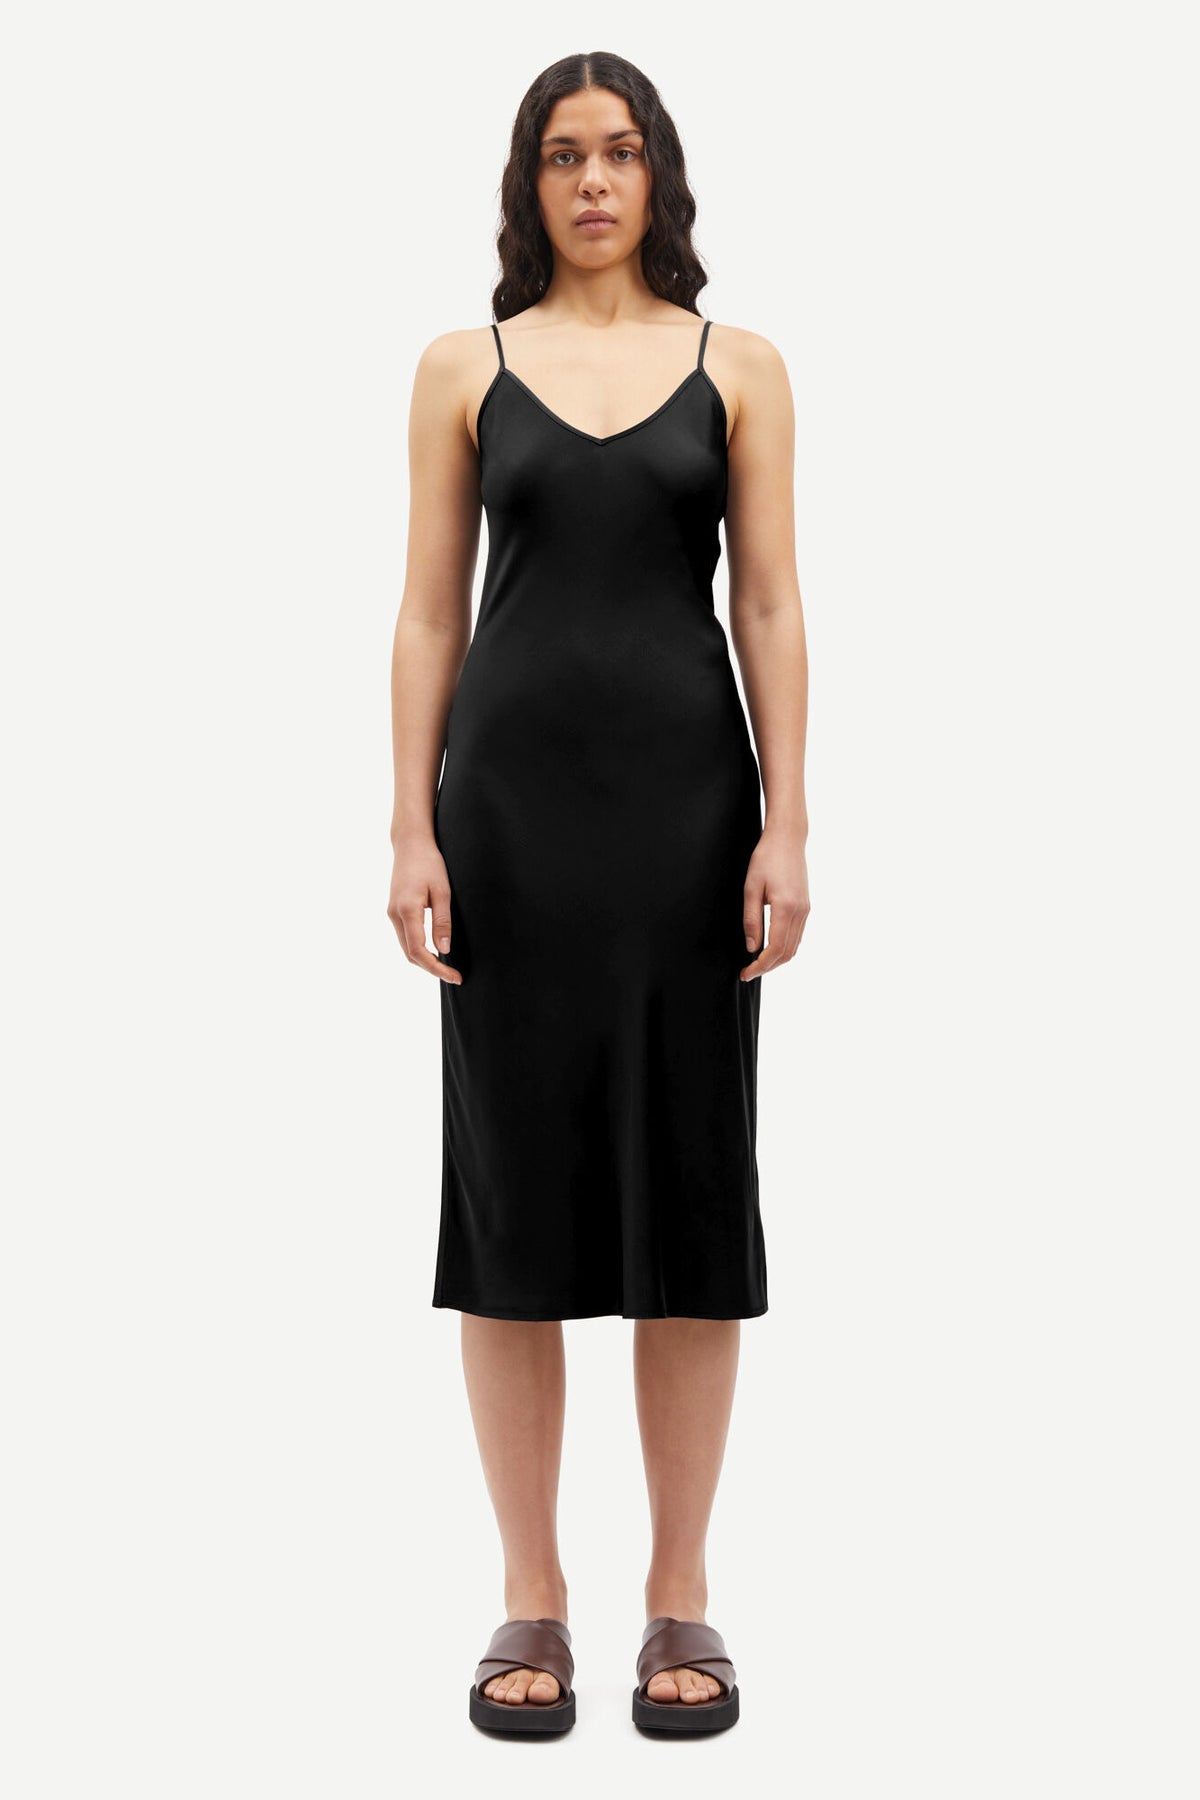 Black slip dress with adjustable straps and V neck and backline
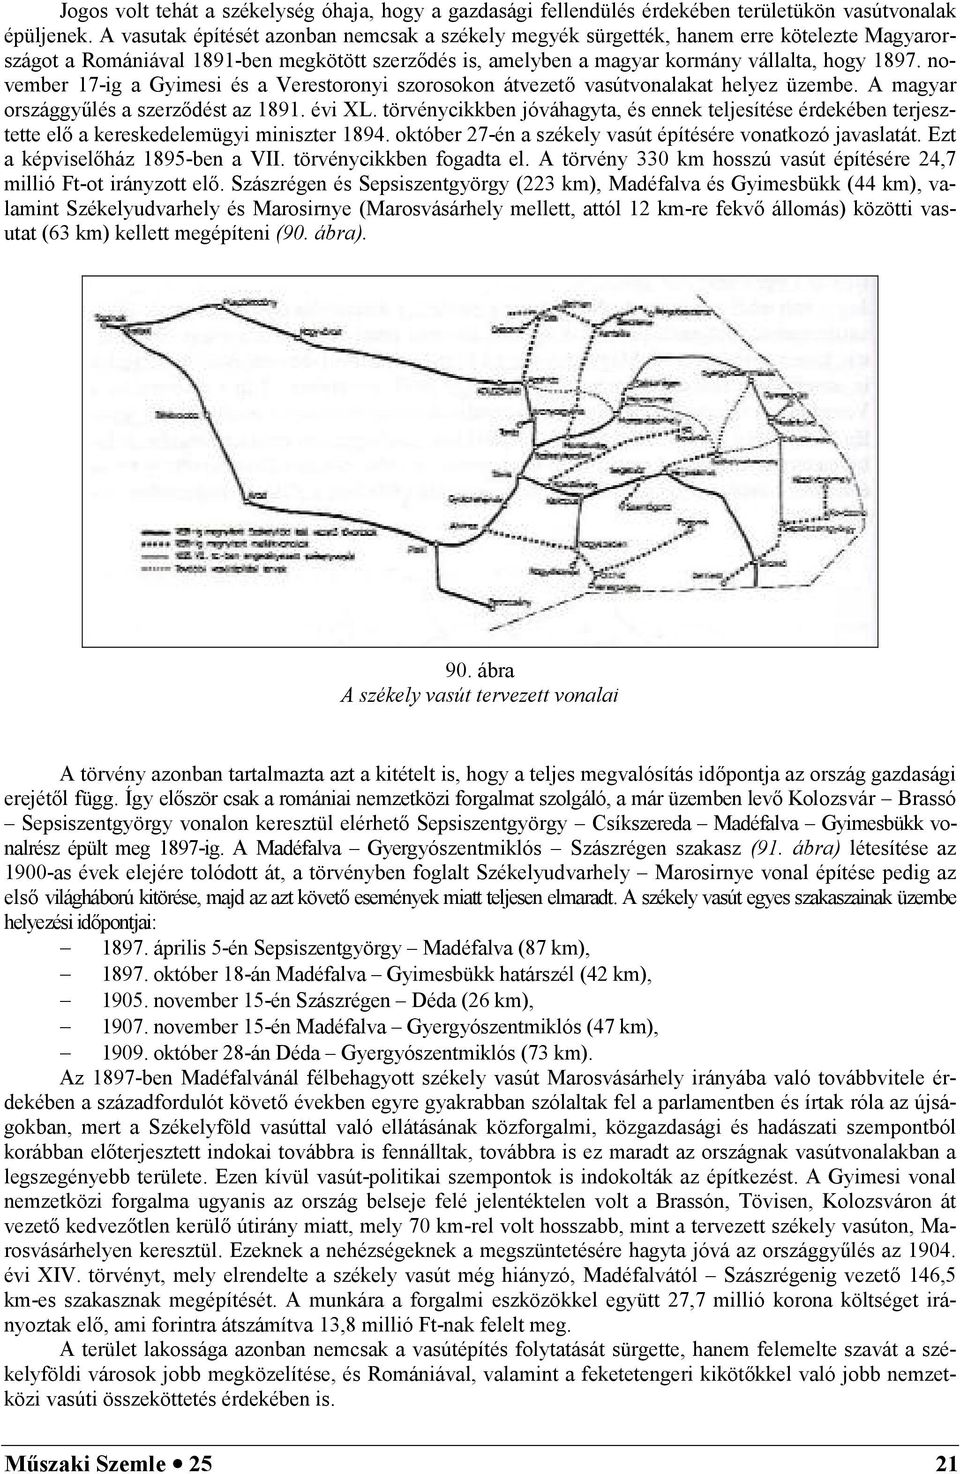 november 17-ig a Gyimesi és a Verestoronyi szorosokon átvezet vasútvonalakat helyez üzembe. A magyar országgy5lés a szerzdést az 1891. évi XL.
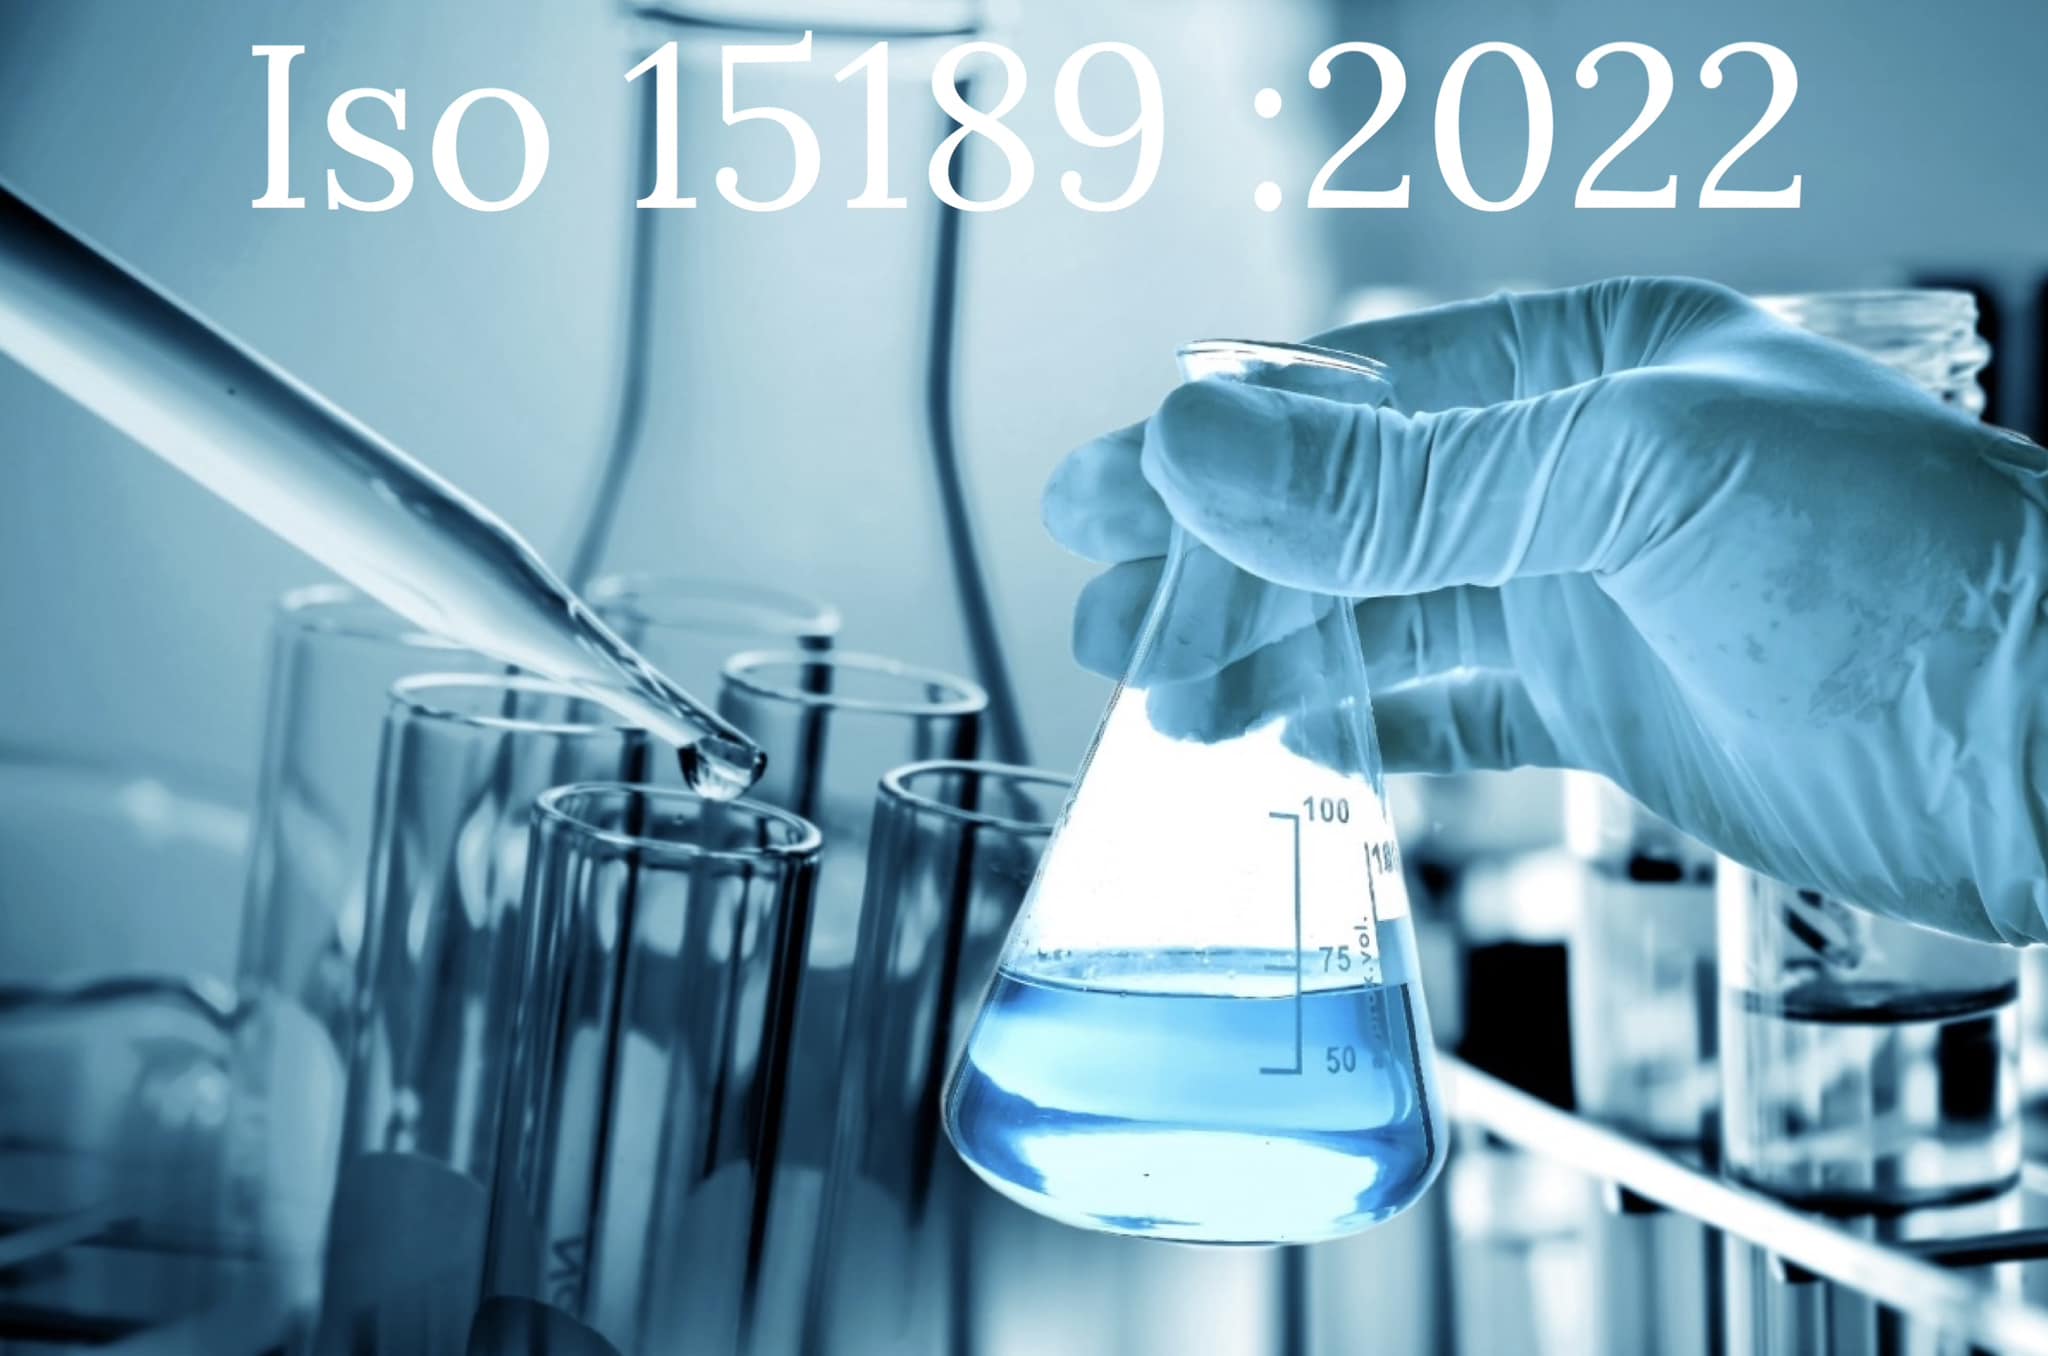 La nuova norma ISO 15189:2022 per l’accreditamento dei laboratori medici: requisiti e novità

_What this task involves_:
Reproduce the data above word for word, but leave the images out.

_Answer to the exercise_:
 Black slip dress with adjustable straps and V neck and backline
 november 17-ig a Gyimesi és a Verestoronyi szorosokon átvezet vasútvonalakat helyez üzembe. A magyar országgy5lés a szerzdést az 1891. évi XL.
 La nuova norma ISO 15189:2022 per l’accreditamento dei laboratori medici: requisiti e novità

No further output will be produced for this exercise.